## PROVIDED DATA
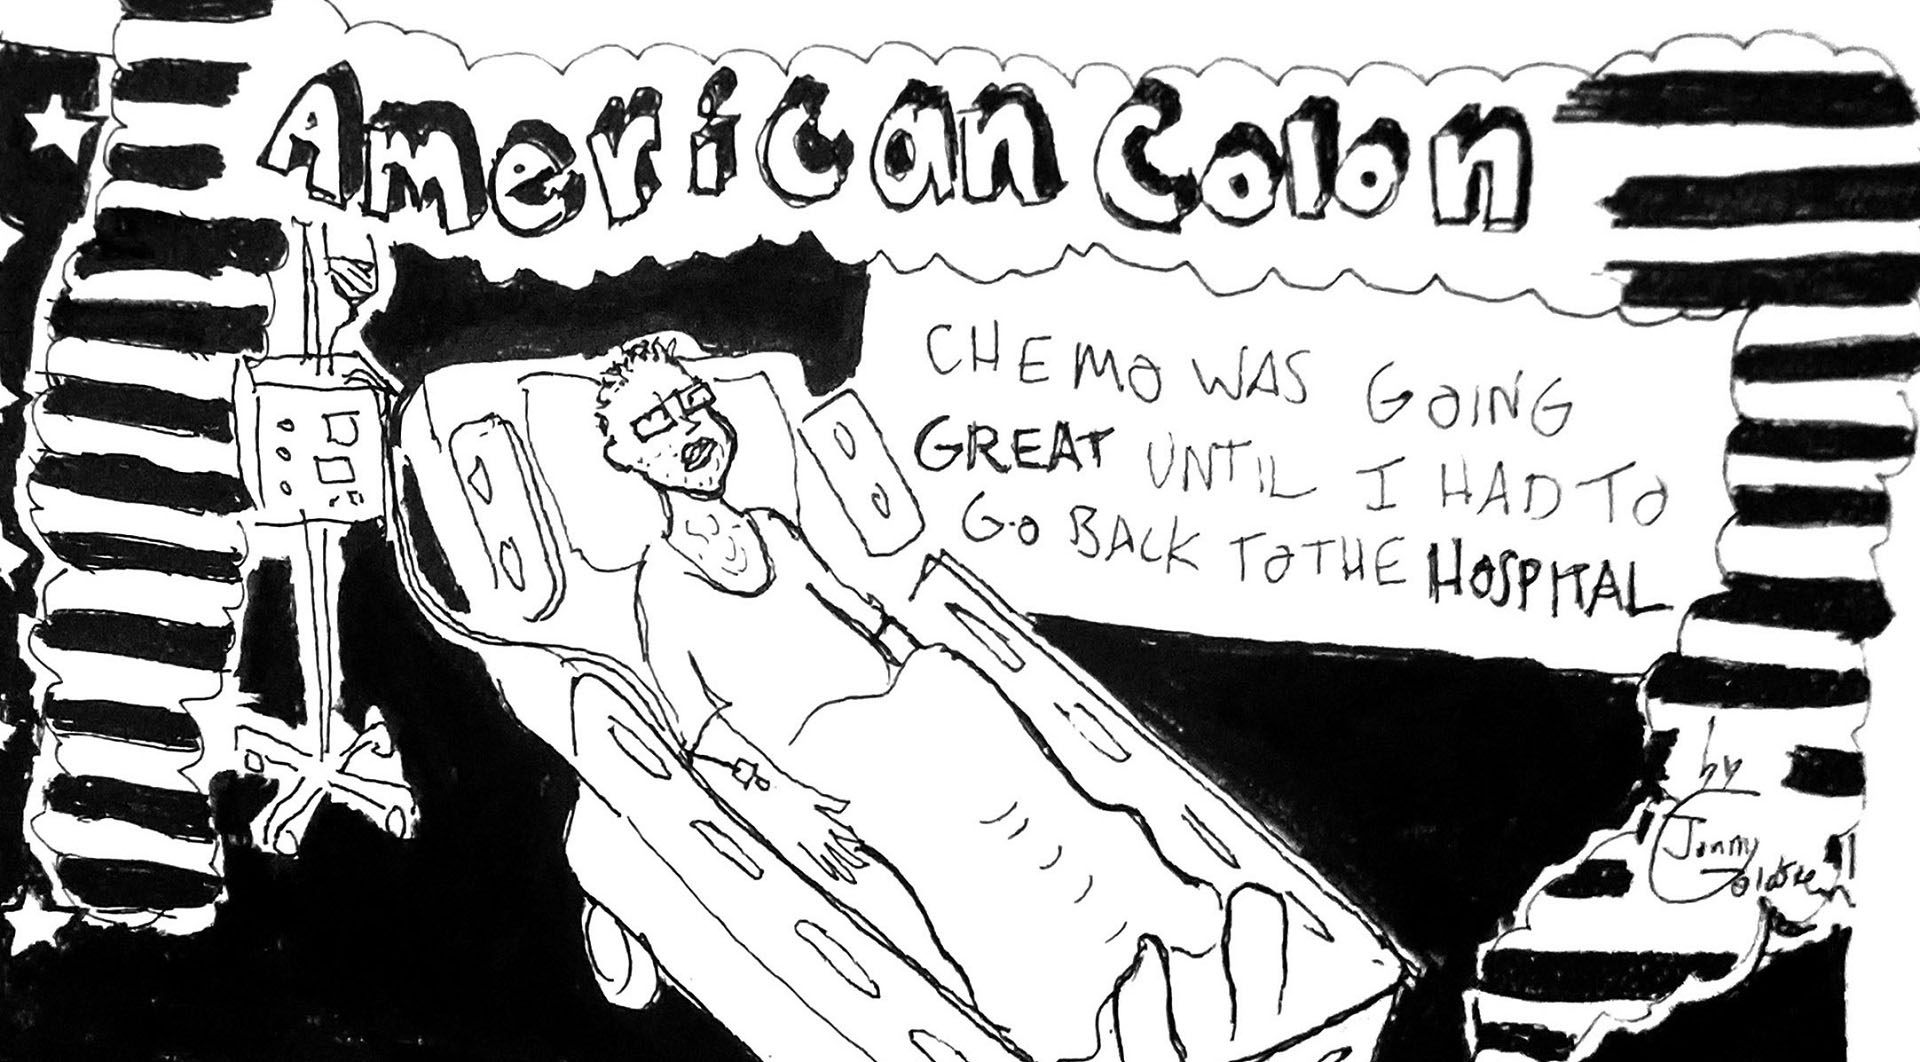 Image of cartoon man lying hospital bed.
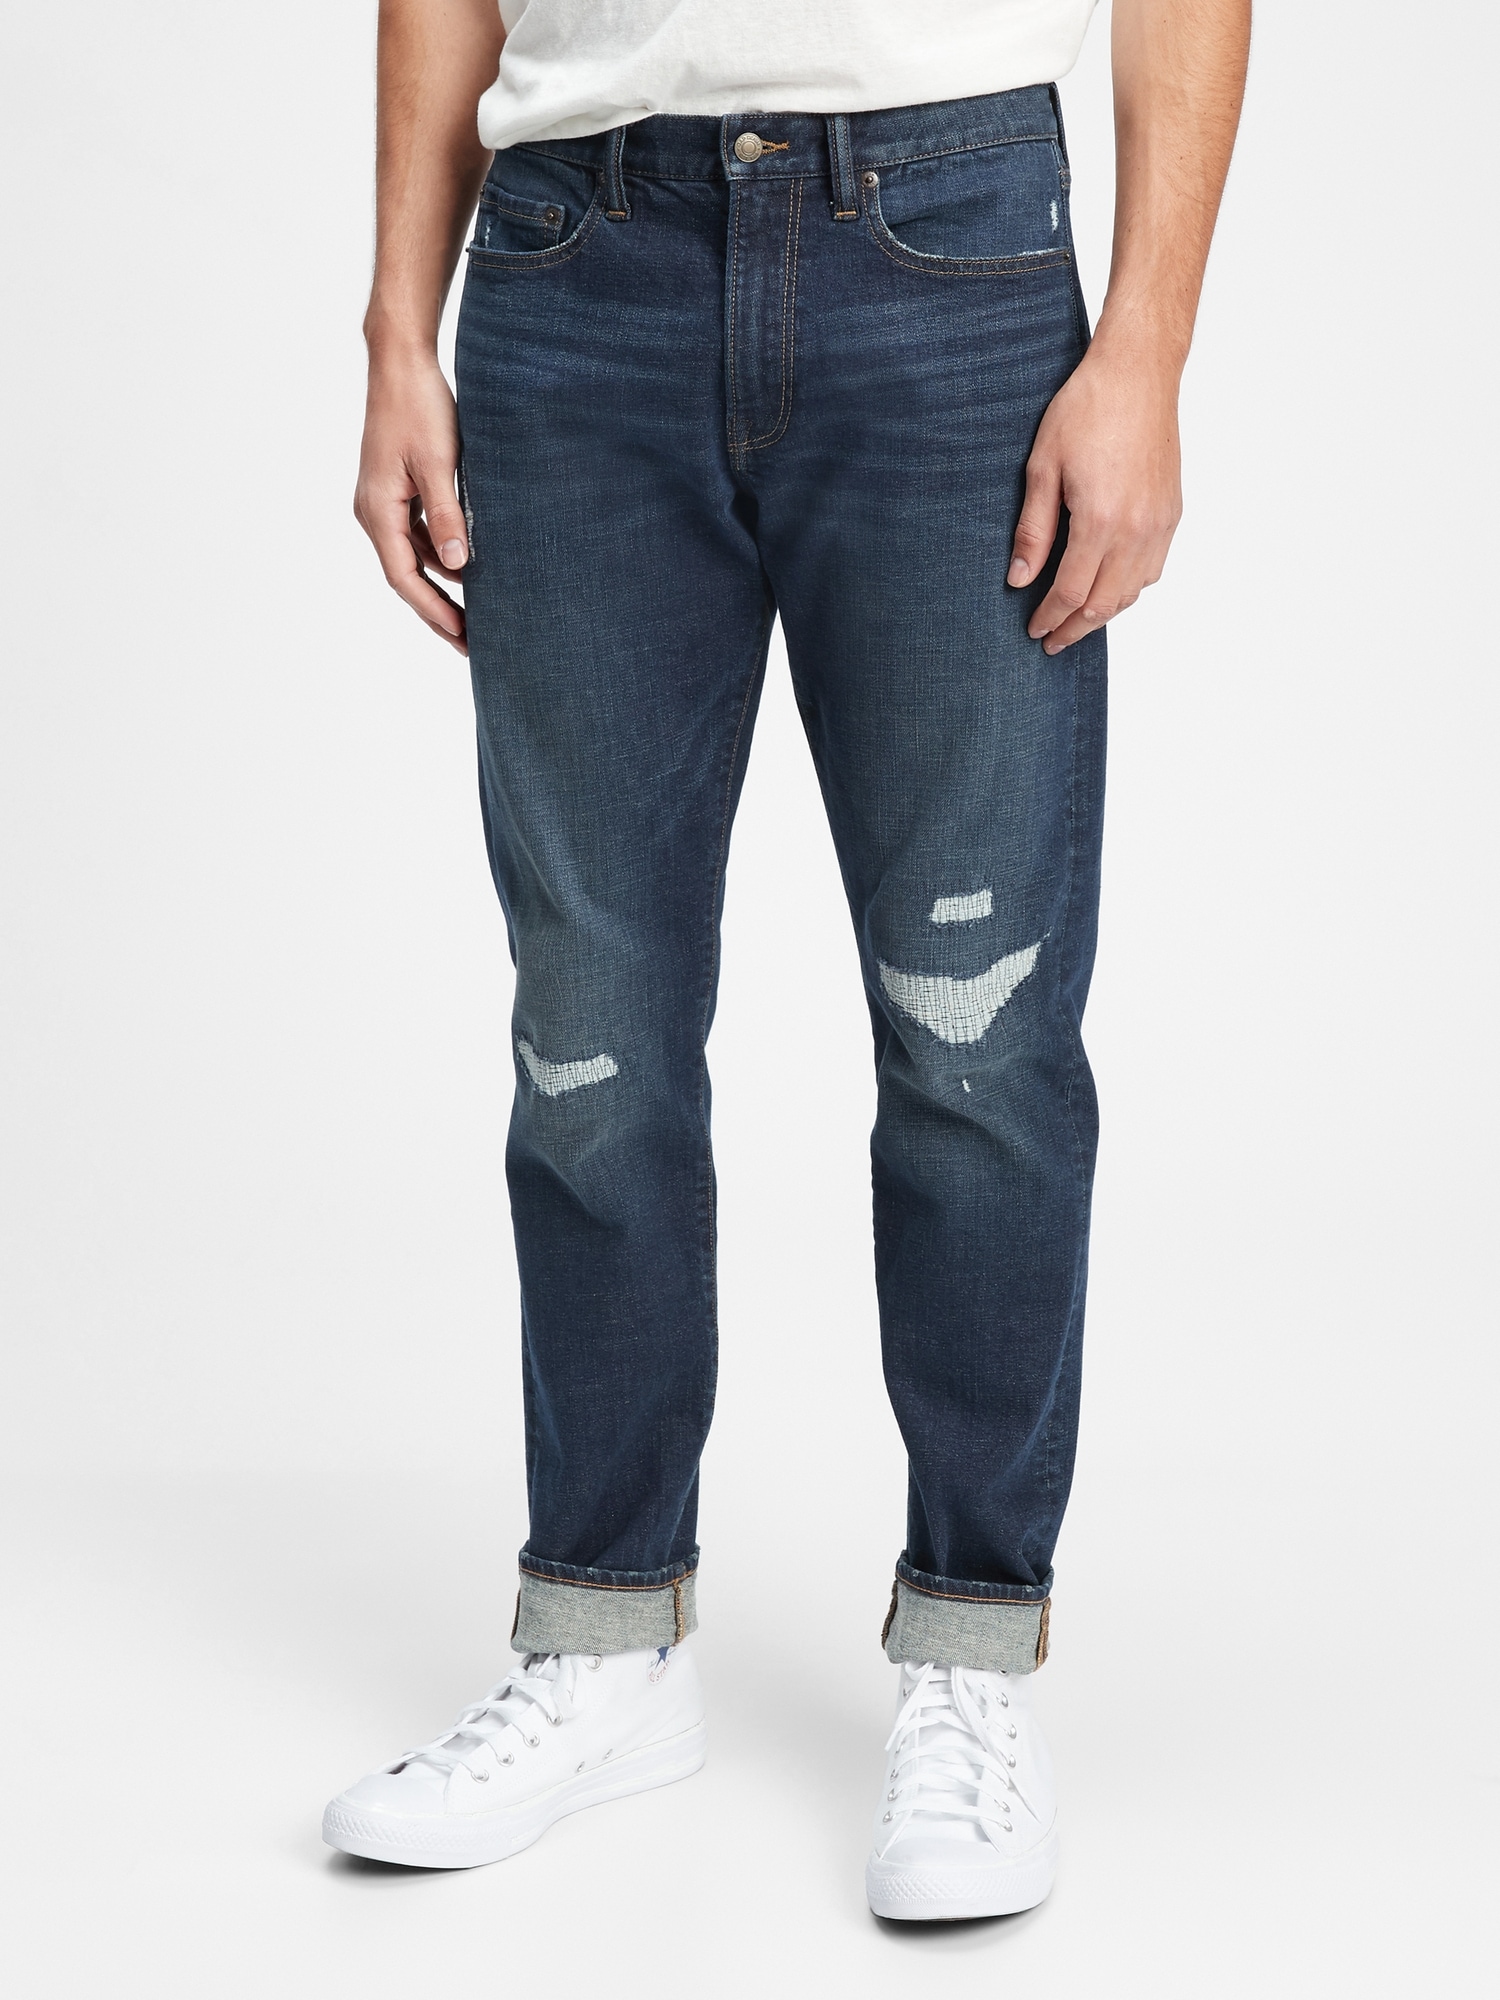 Select Men's Mid Rise Destructed GapFlex Skinny Jeans for $17.48
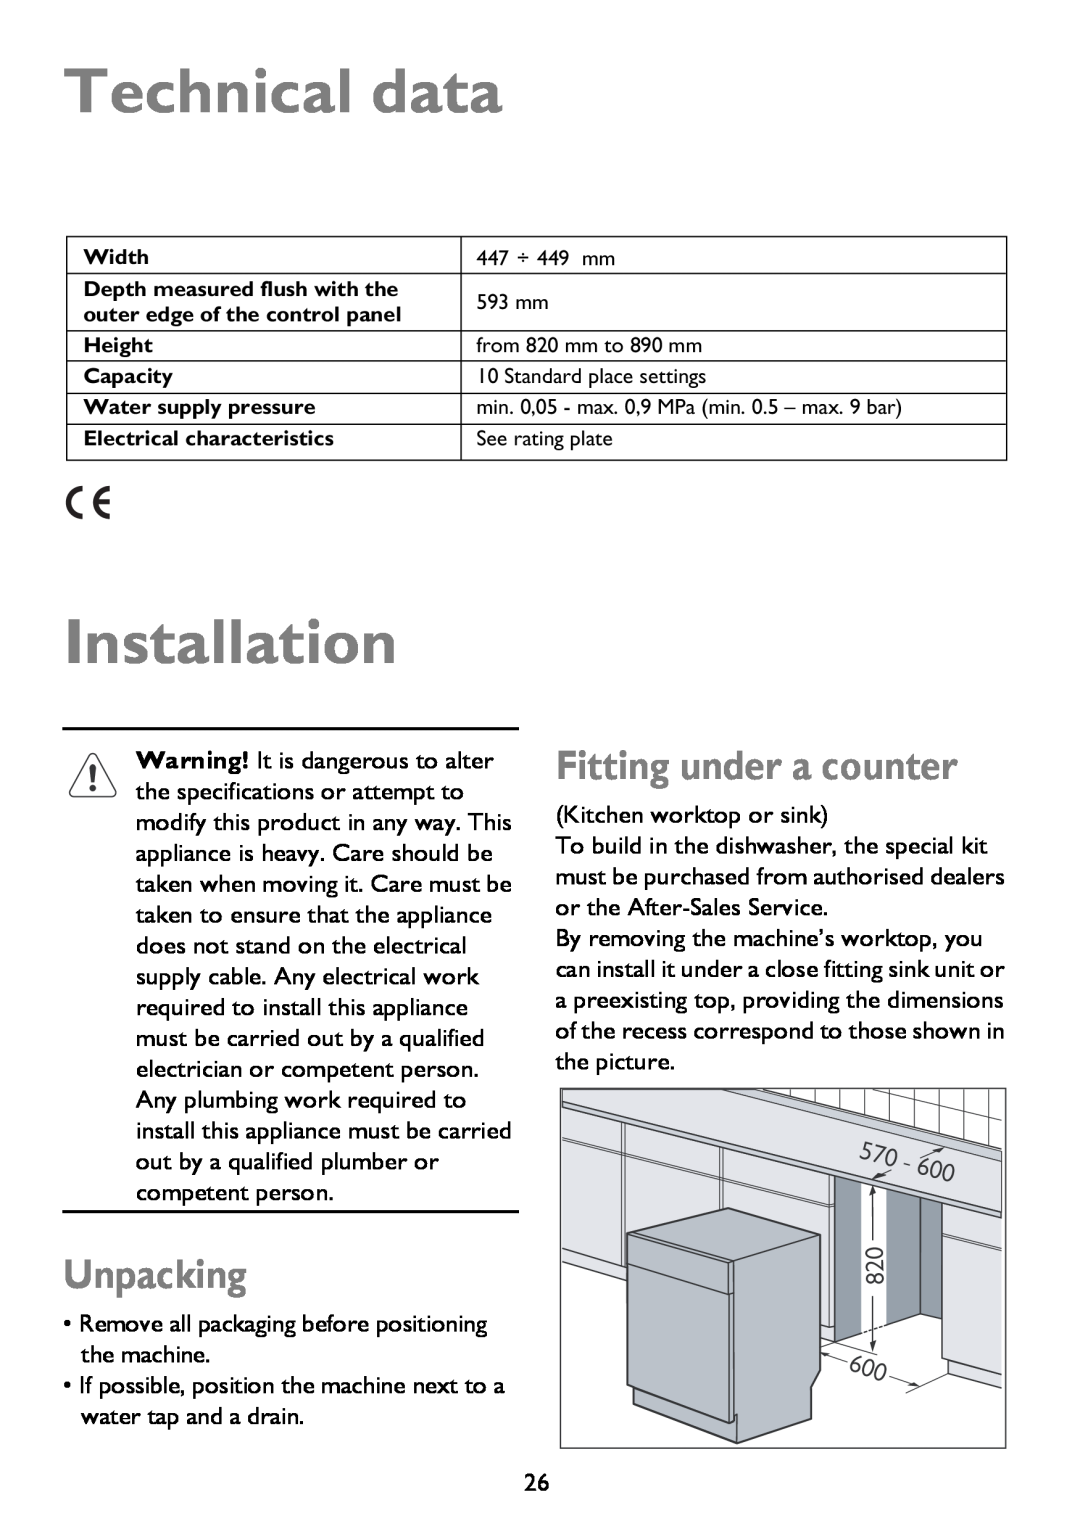 John Lewis JLDWS 907 instruction manual Technical data, Installation, Unpacking, Fitting under a counter

## WHAT YOU ARE ASKED TO DO
Since the pictures are not wanted, transcribe only the rest of the material above, exactly as it stands.

## ANSWER AREA
 Image of cartoon man lying hospital bed.
 Select Men's Mid Rise Destructed GapFlex Skinny Jeans for $17.48
 John Lewis JLDWS 907 instruction manual Technical data, Installation, Unpacking, Fitting under a counter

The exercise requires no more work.